Catastrophic Plate Tectonics and YEC cannot account for the isotope trends in volcanic arcs, because they provide no mechanism by which distinct isotopic signatures form in a matter of hundreds or thousands of years. Furthermore, these paradigms cannot explain the origin of massive amounts of continentally derived sediment, which were subducted beneath oceanic plates before the modern tectonic picture formed (i.e. before the Flood). I will return to this point in the next post when I discuss Dr. Andrew Snelling's article entitled "The Relevance of Rb-Sr, Sm-Nd, and Pb-Pb Isotope Systematics to Elucidation of the Genesis and History of Recent Andesite Flows at Mt. Ngauruhoe, New Zealand, and the Implications for Radioisotopic Dating", in which he cunningly misrepresents the geochemical methods employed to understanding volcanic arc systems.
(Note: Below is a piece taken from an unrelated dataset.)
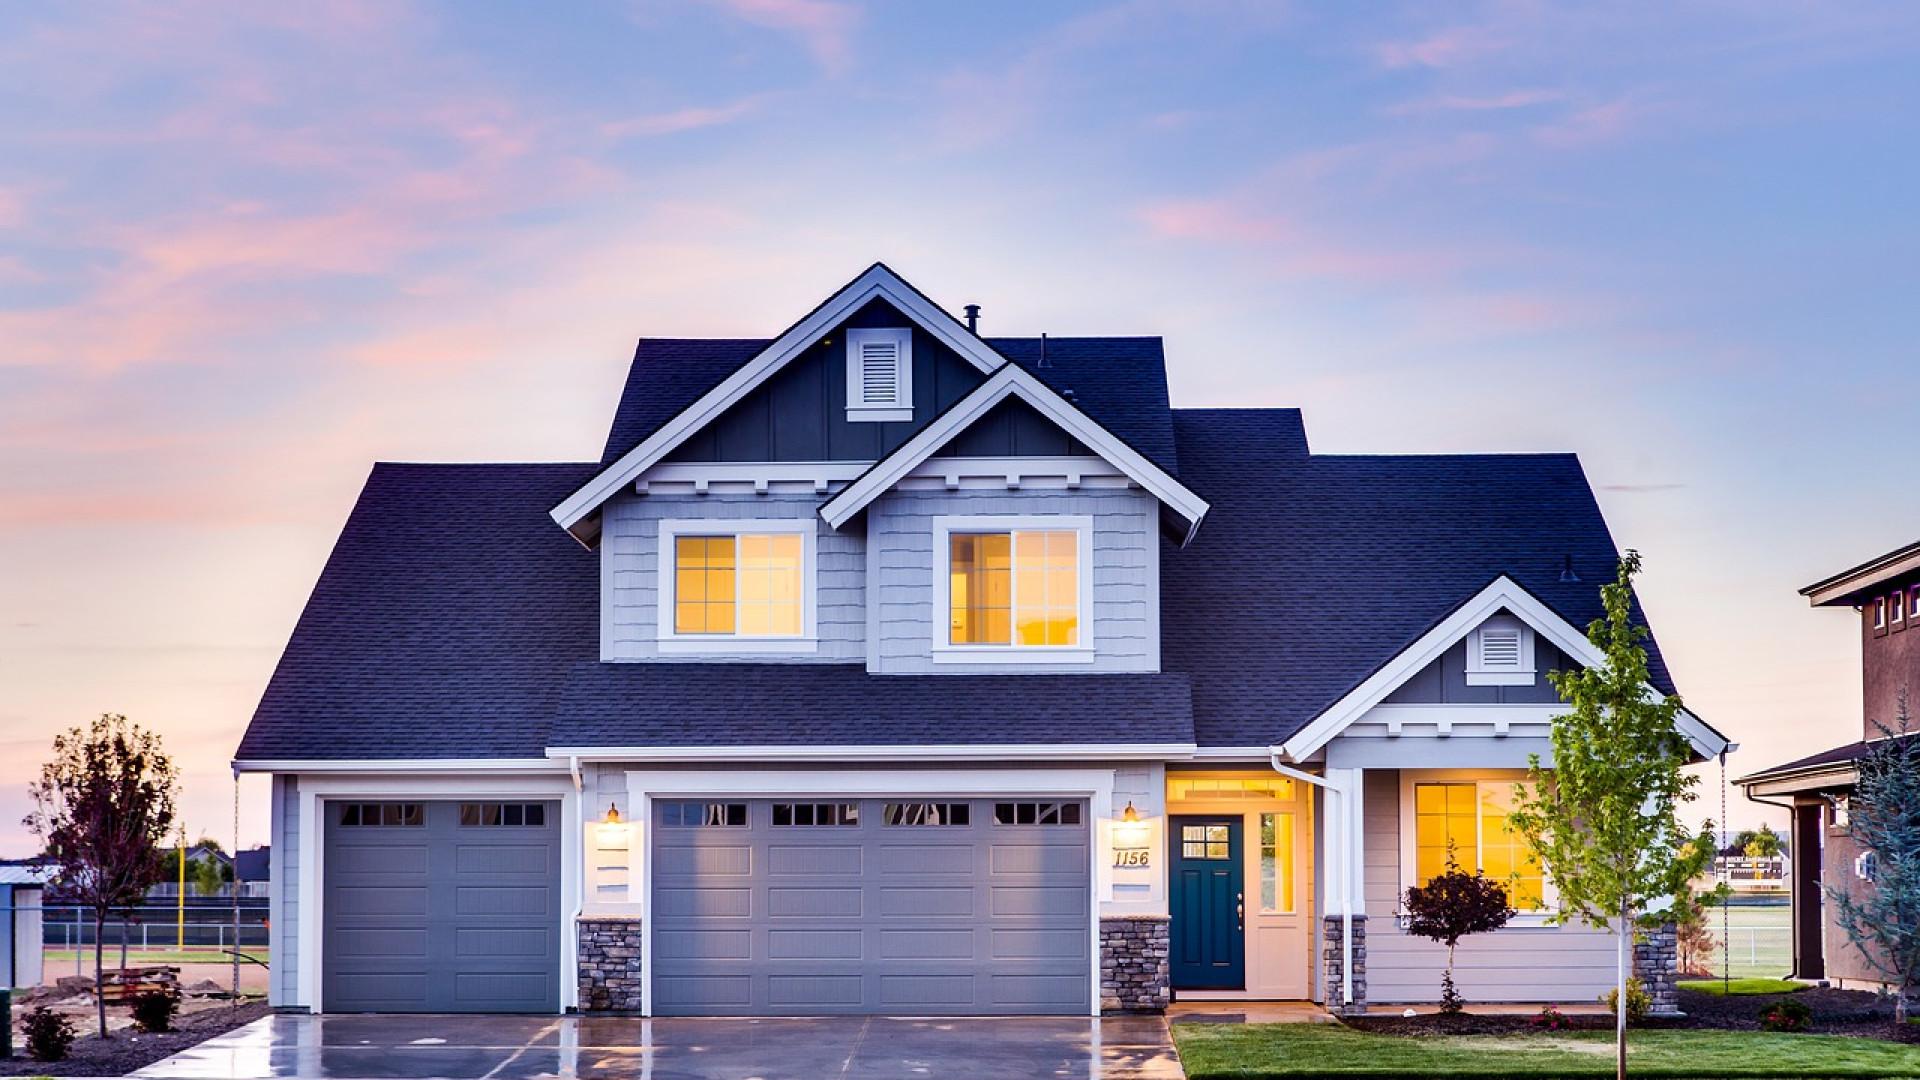 Combien coûte une porte de garage ?
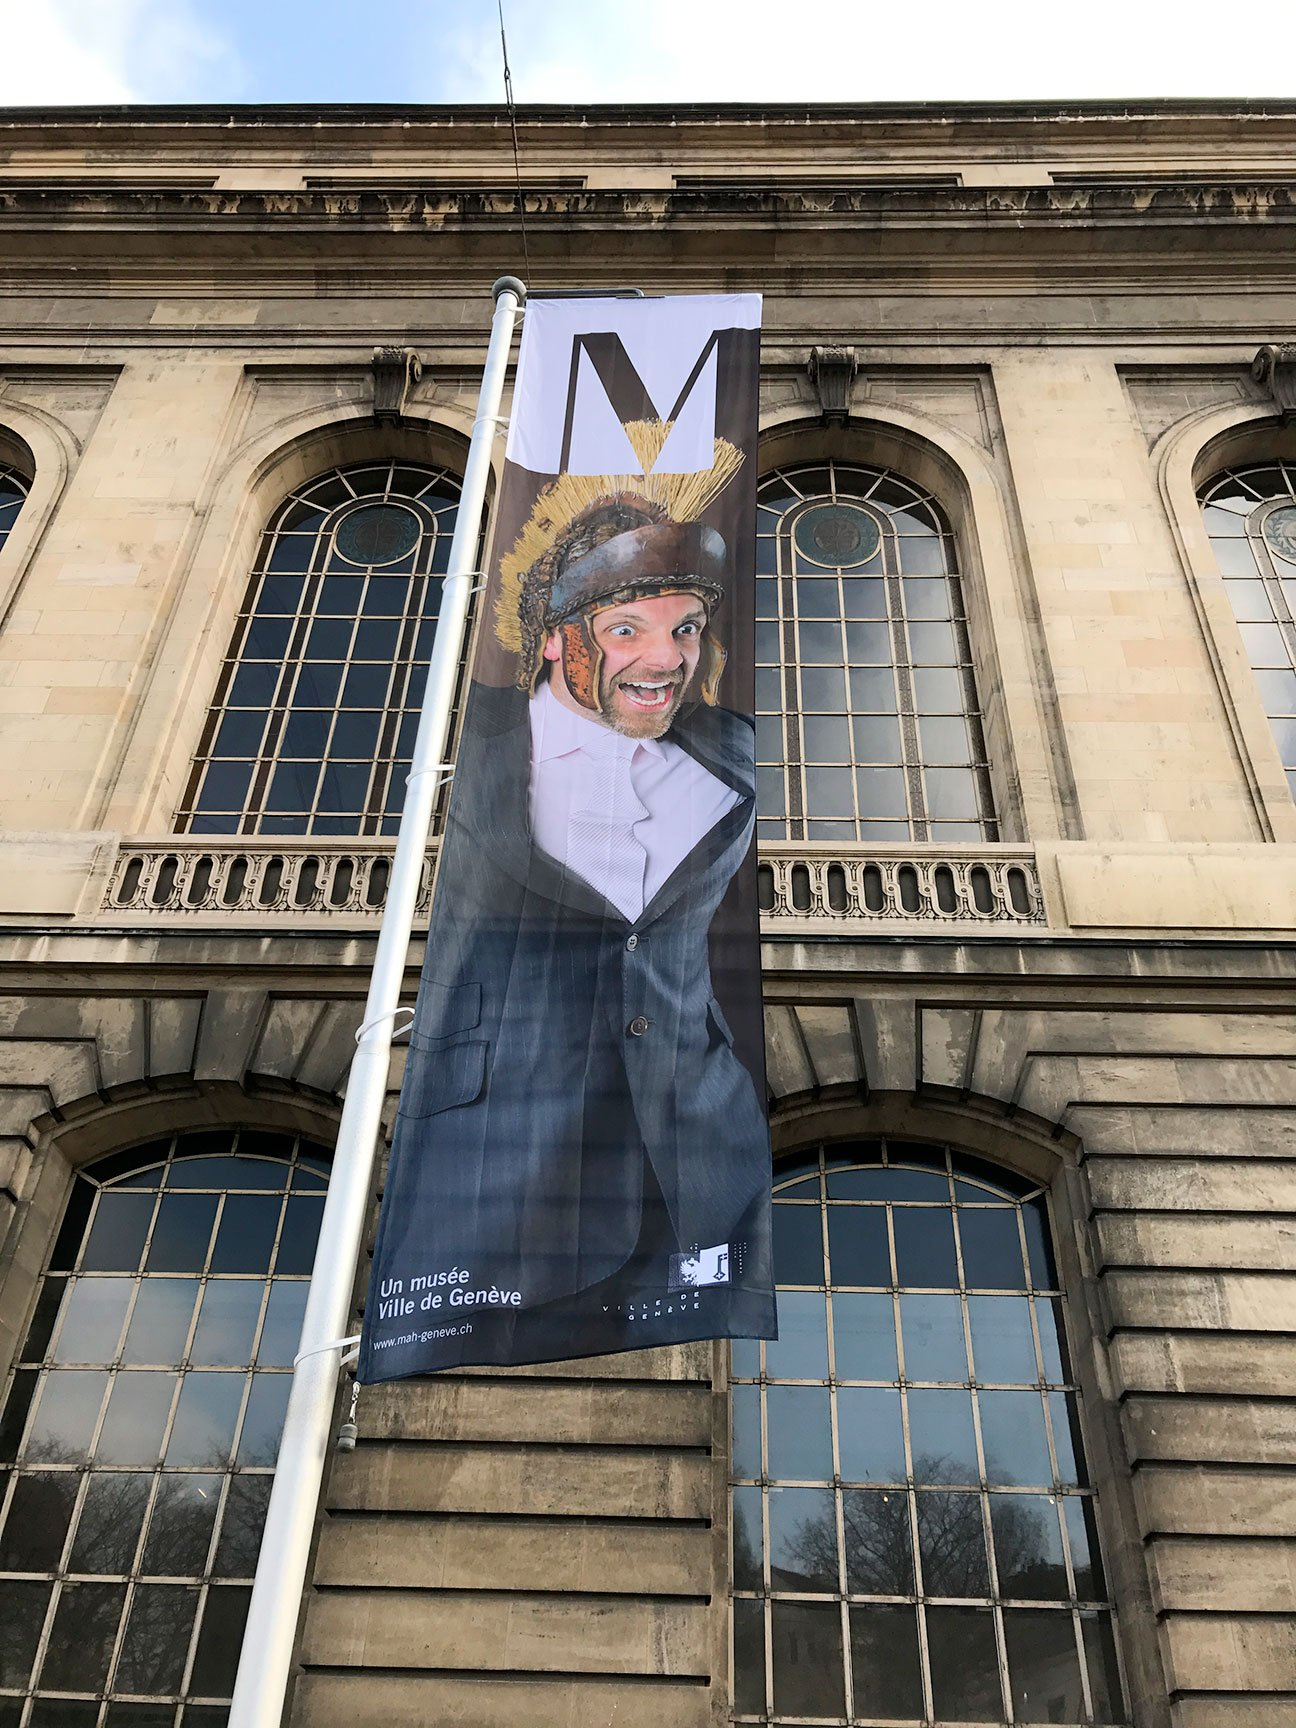 Fabien_cuffel_Musee-art-et-histoire-geneve_campagne-institutionnelle-drapeaux_Charly

If this post was sensible to you, his errors will be obvious.


References Cited:


Carpentier, M., Chauvel, C., and Mattielli, N., 2008, Pb–Nd isotopic constraints on sedimentary input into the Lesser Antilles arc system: Earth and Planetary Science Letters, v. 272, p. 199–211.

Labanieh, S., Chauvel, C., Germa, A., Quidelleur, X., and Lewin, E., 2010, Isotopic hyperbolas constrain sources and processes under the Lesser Antilles arc: Earth and Planetary Science Letters, v. 298, p. 35–46.

White, W.M., Dupre, B., and Vidal, P., 1985, Isotope and trace element geochemistry of sediments from the Demerara Plain region, Atlantic Ocean: Geochimica et Cosmochimica Acta, v. 49, p. 1875-1886.